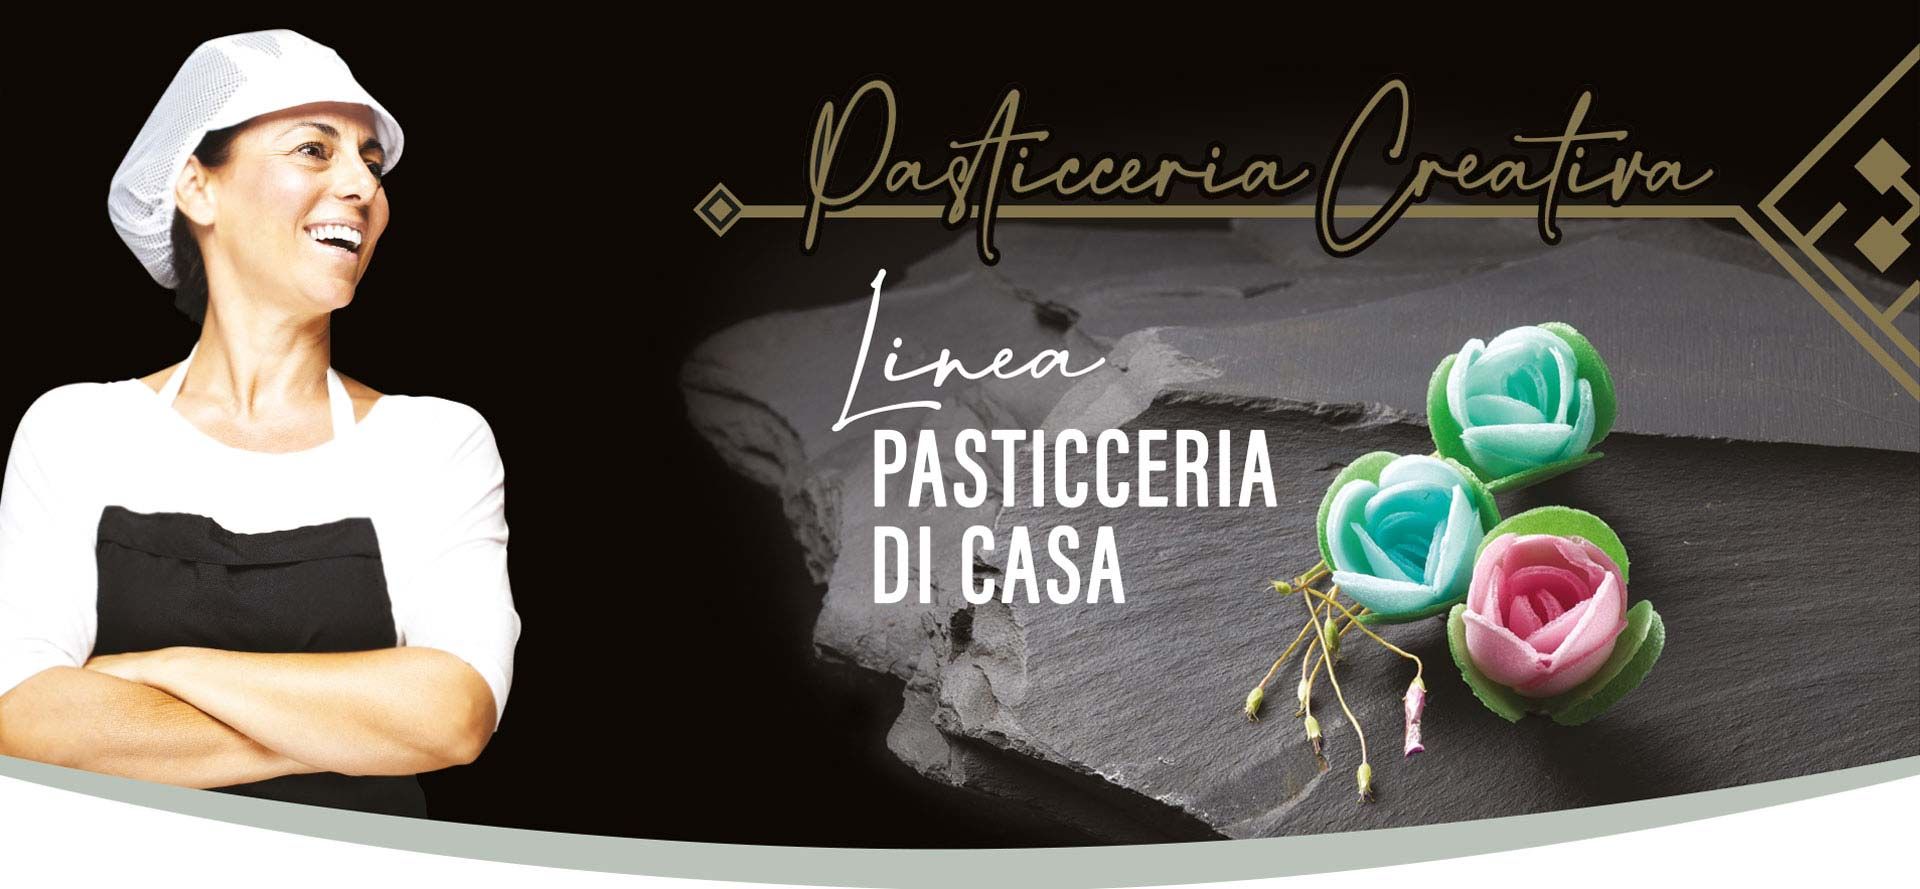 Pasticceria Creativa Linea Consumer
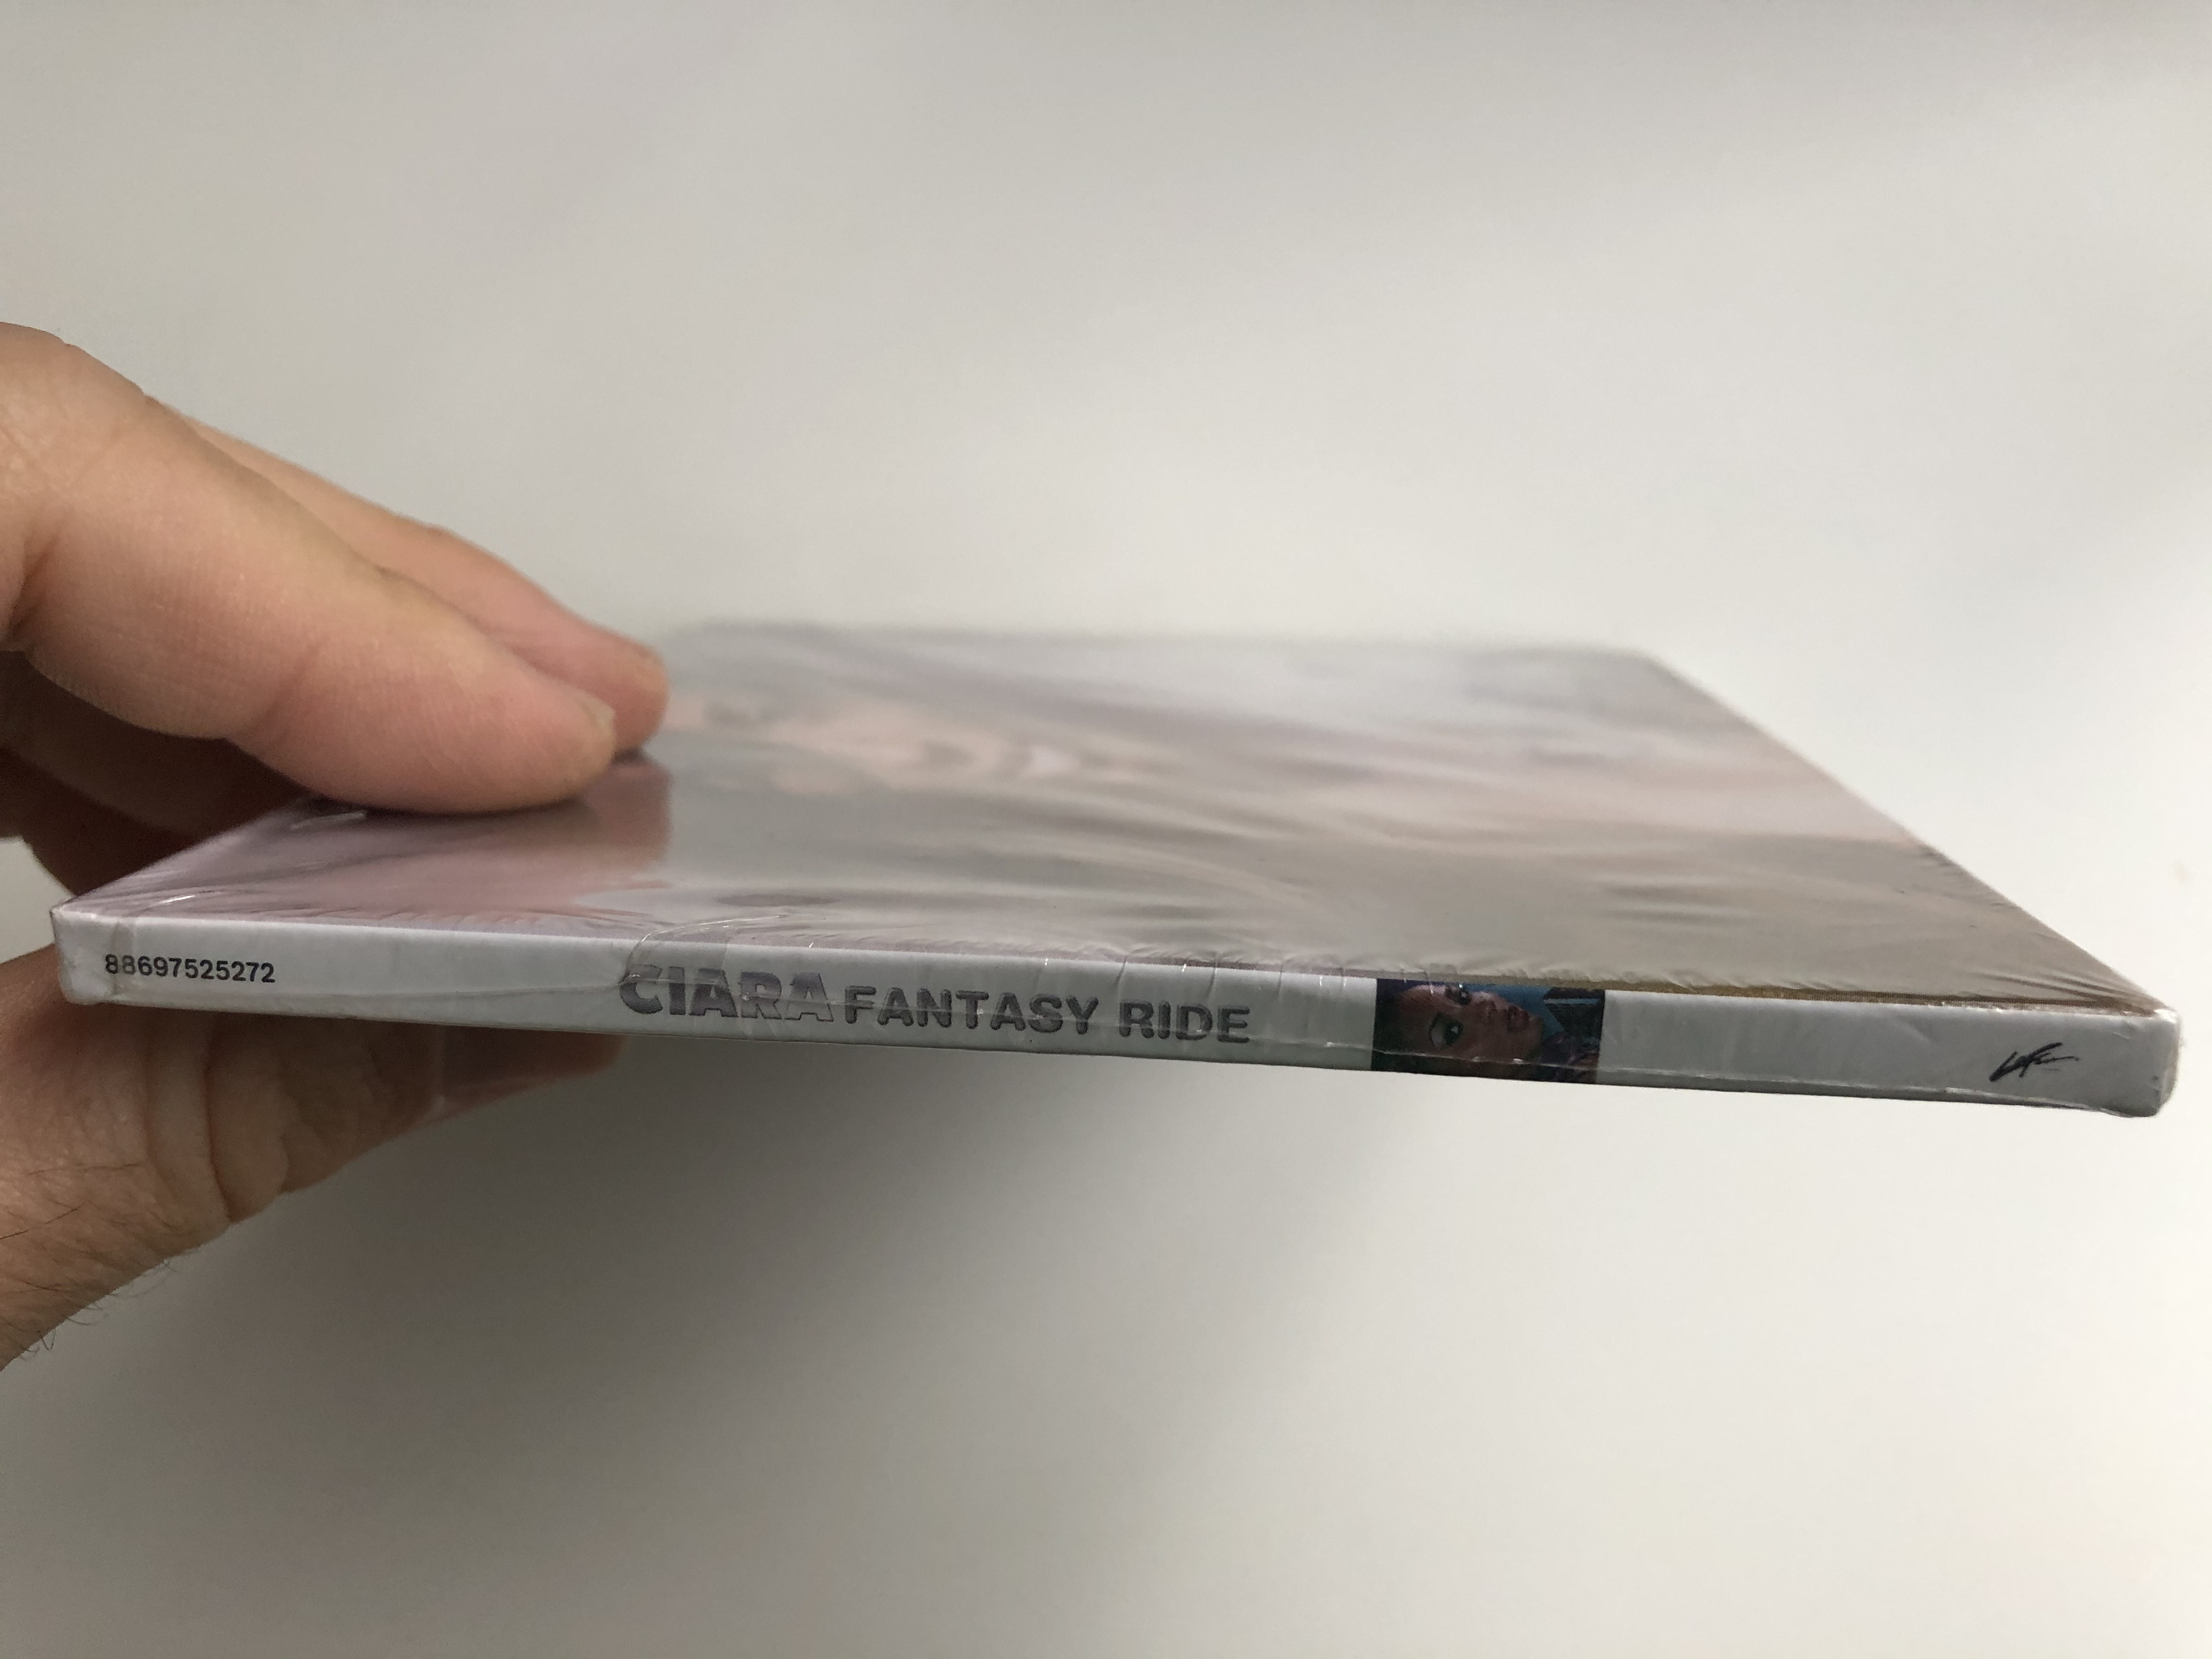 ciara-fantasy-ride-sony-music-audio-cd-2009-88697525272-3-.jpg
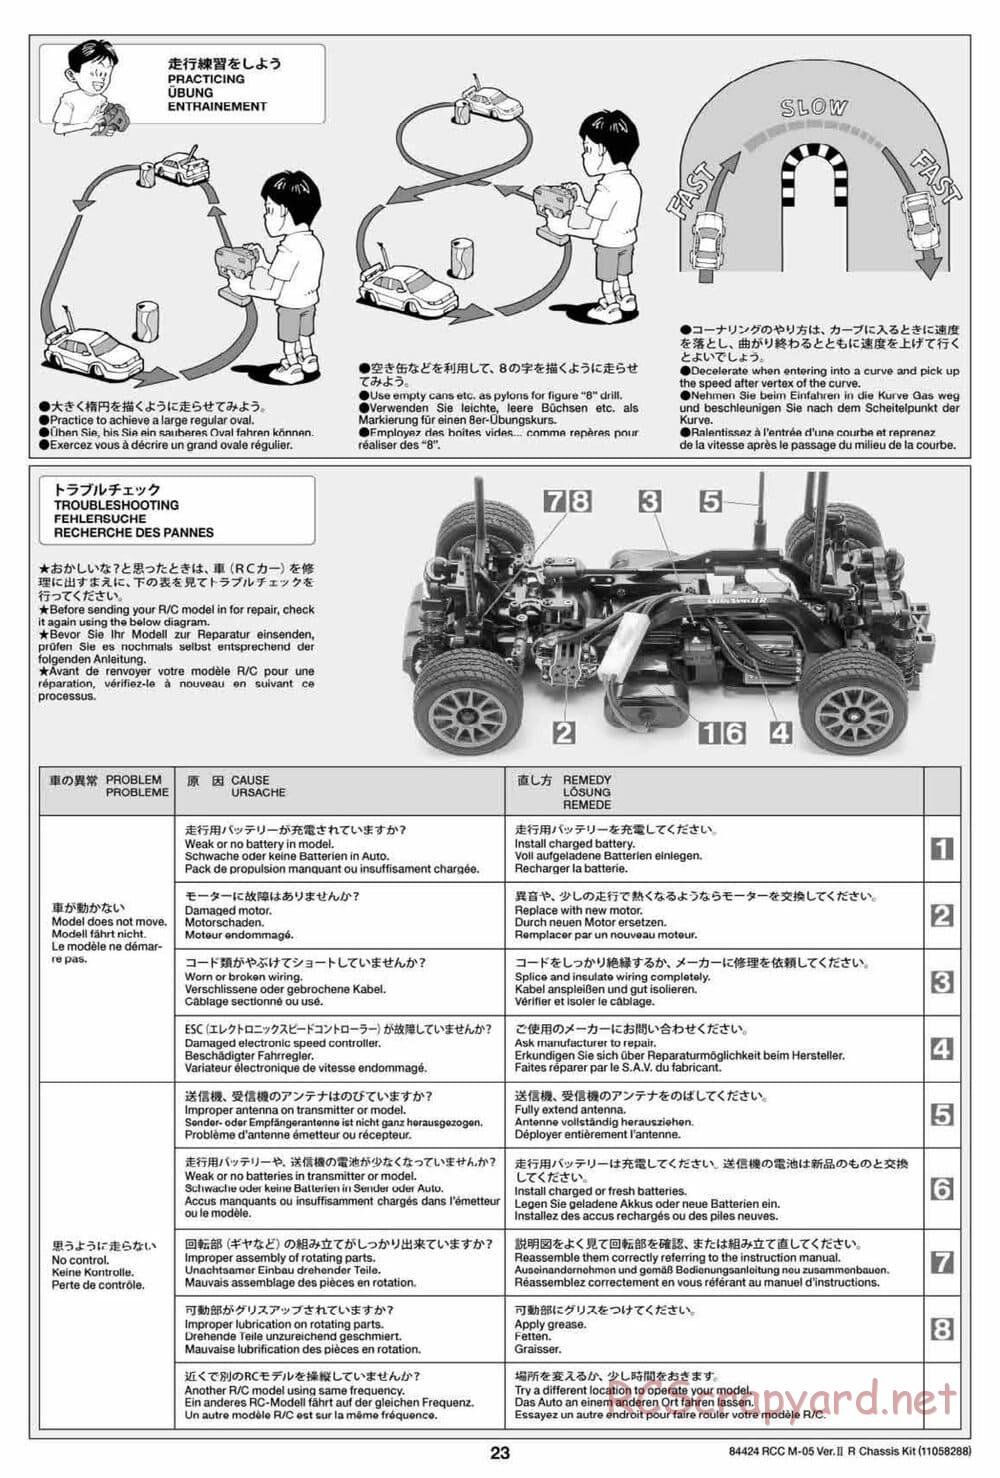 Tamiya - M-05 Ver.II R Chassis Chassis - Manual - Page 23

- WHAT NEEDS TO BE DONE: Word for word, return the material, omitting the pictures.

- RESPONSE:
 Pasticceria Creativa Linea Consumer
 ciara-fantasy-ride-sony-music-audio-cd-2009-88697525272-3-.jpg
 Tamiya - M-05 Ver.II R Chassis Chassis - Manual - Page 23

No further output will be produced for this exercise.